Again, at nights there are different kinds of raids to be carried out.
Probably a raid by wire cutters, or possibly an actual trench raid. Nights
in France are not meant for sleep. There is usually one hour on duty and
two hours off, and something doing all the while.

But the days frequently grow long and tiresome. We sleep, we tell stories,
we read when there is anything to read, and we write letters if we have the
materials. Or, above all, we work out some new device to spring upon the
Boche.

In the early days of the war we knew nothing about hand grenades. The
Germans started to use them on us, but it was not a great while before we
fell into line and produced bombs to match theirs. At first we had the
Tickler variety as previously described; since then we have used the
"hair-brush" and others, but to-day we are using the standardized Mill hand
grenade.

I can never forget the first bomb that was thrown from our trench.
Volunteers were asked for this new and risky job. I will not mention the
name of the boy who volunteered in our section, but he was a big, hefty,
red-haired chap. He has since been killed. It is noticeable that red-haired
fellows are impetuous and frequently ahead of others in bravery, for a
moment or two, anyway.

That day there was an additional supply of mud and water in our trench. We
were dragging around in it until the bombing commenced, then we crowded
like boys round the big fellow, who was close to the parapet, his chest
stuck out, his voice vibrant with pride as he said, "Just you wait and see
me blow those fellows to smithereens--just you wait and see!"

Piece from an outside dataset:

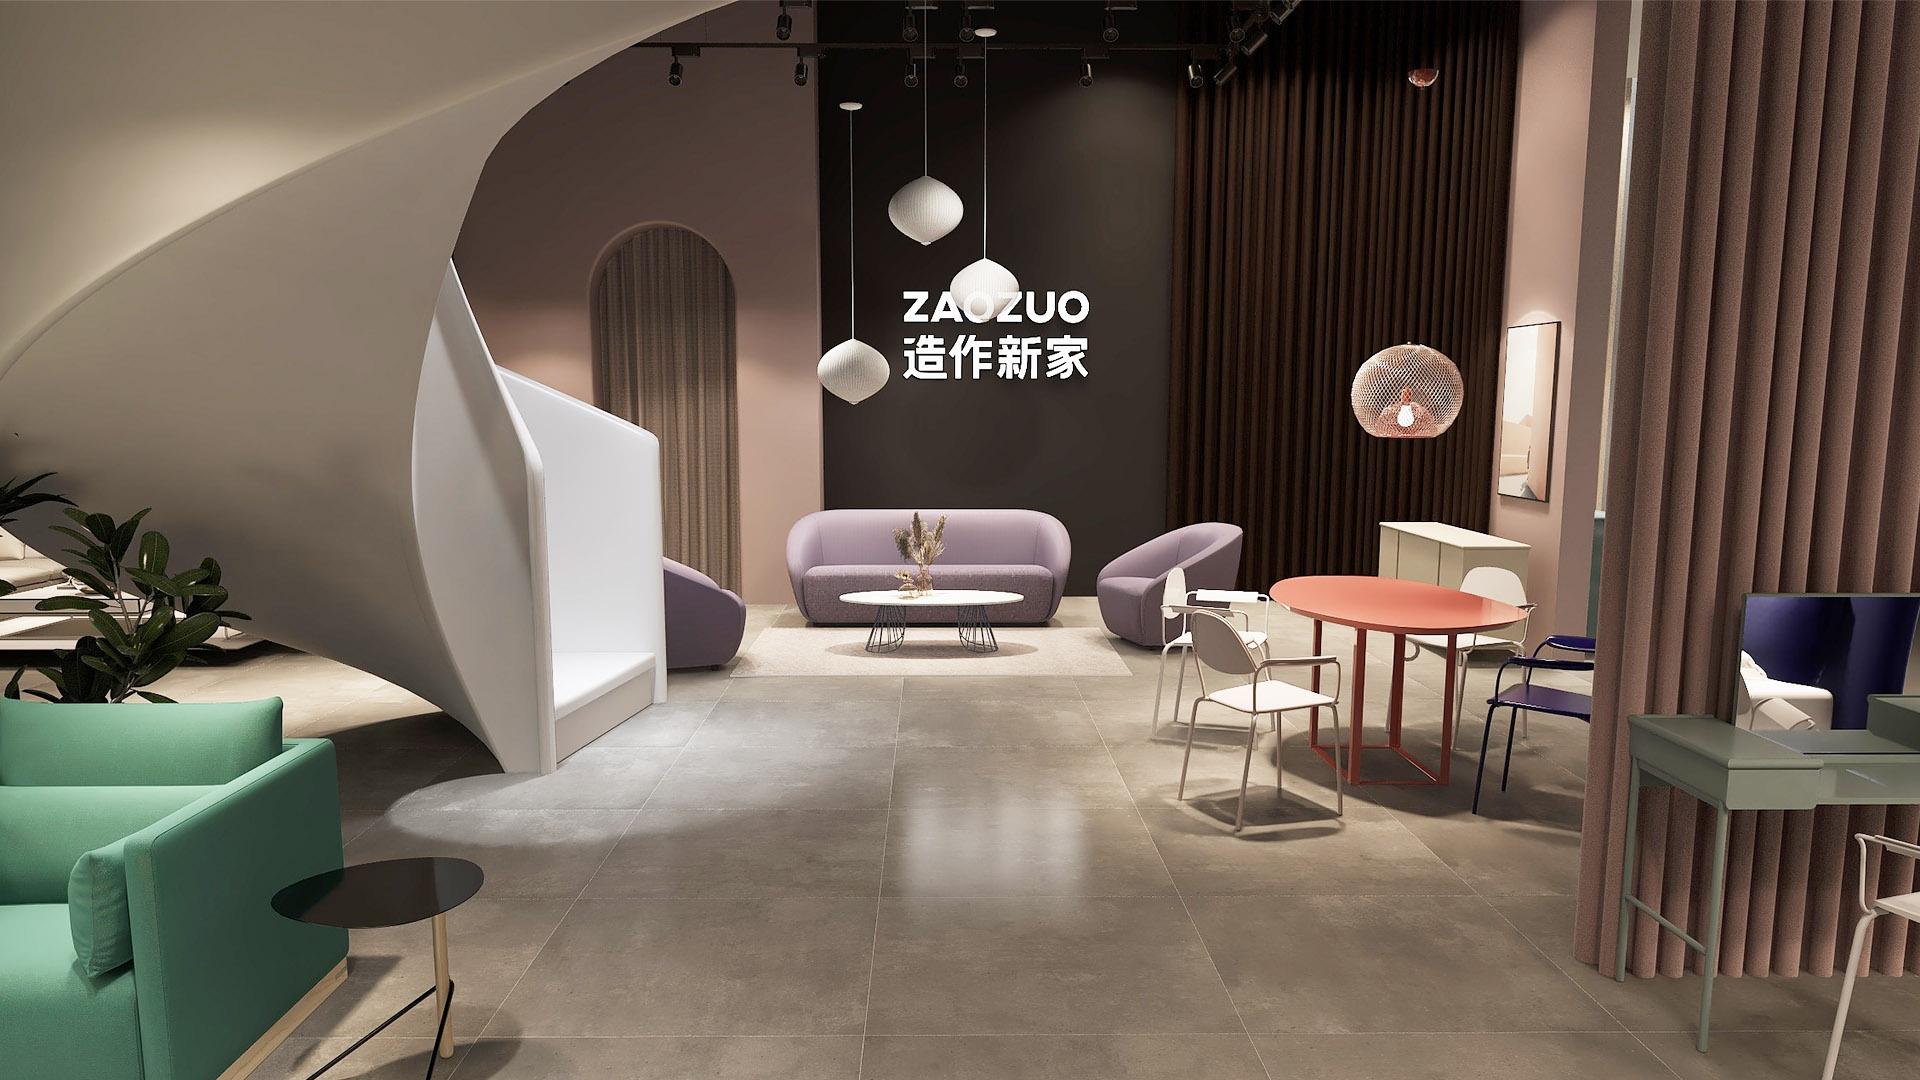 成都、重庆、昆明、台湾……更多新店即将见面

In those days of makeshift bombs there was a nine-second fuse in each. We
were about thirty yards from the Germans' trench. Of course it would not
take nine seconds for the bomb to travel thirty yards; rather would it
arrive in three seconds, and give Hans and Fritz opportunity to pick it up
comfortably and return it in time for its explosion to kill us and not
them. Thus the order was to count at least five--one, two, three, four,
five--slowly and carefully, after the fuse was lighted and before the bomb
left the hand.

Every one had his eyes glued to the periscope, except myself. I watched the
fuse in the hand of that red-haired guy. He started to count--one, two, and
his hand began to shake; at three his hand was moving about violently; at
four the bomb fell. I wonder if there is any one in the world who thinks
that we stopped there to see that bomb explode. No, we didn't.

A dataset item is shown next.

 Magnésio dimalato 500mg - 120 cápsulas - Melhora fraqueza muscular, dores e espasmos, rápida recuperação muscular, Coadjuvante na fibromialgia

There was a chance right there for the quick thinker, for the man of
extraordinary initiative, to win the V.C. Somehow our initiative took us in
the other direction. It is really wonderful how fast the average man can
beat it when he knows there is certain death should he linger in one spot
very long. The way we traveled round the traverse and up the trenches was
not slow.

Usually there is something going on, but there are days when a man would
not think there was a war at all. It is not every day at the front that
both sides are shelling and strafing. We once faced a certain Saxon
regiment and for nearly two weeks neither side fired a bullet. This
particular Saxon regiment said to us: "We are Saxons, you are
Anglo-Saxons, we are not a bit fussy about shooting as long as you won't."
So, as our turns came periodically, we faced them and did not shoot.

Actually we sent out working parties in the daytime, both Saxon and
British, but such things do not happen any more. And such a situation never
yet happened with a Prussian or Bavarian regiment. Those devils like to
shoot for the sake of hearing their rifles go off.

There are days, when fighting at close quarters, that both sides feel
pretty good. The morning will be bright, and we may open the proceedings by
trying to sing German songs, and they will join in by singing British airs,
but always in a sarcastic manner, after putting words to them that I dare
not write.

On the first day of July, which is Dominion or Confederation Day, the
Germans began by singing to a certain Eastern Canadian regiment the first
verse of our national anthem, _O! Canada_. When they got through, they
politely asked the young braves of this regiment to sing the second verse.
The Canadian boys sent over a few bombs instead, for they did not know the
words of the second verse! Not to know the second verse seems to be one of
the idiosyncrasies of the peoples of all nations, bar the German!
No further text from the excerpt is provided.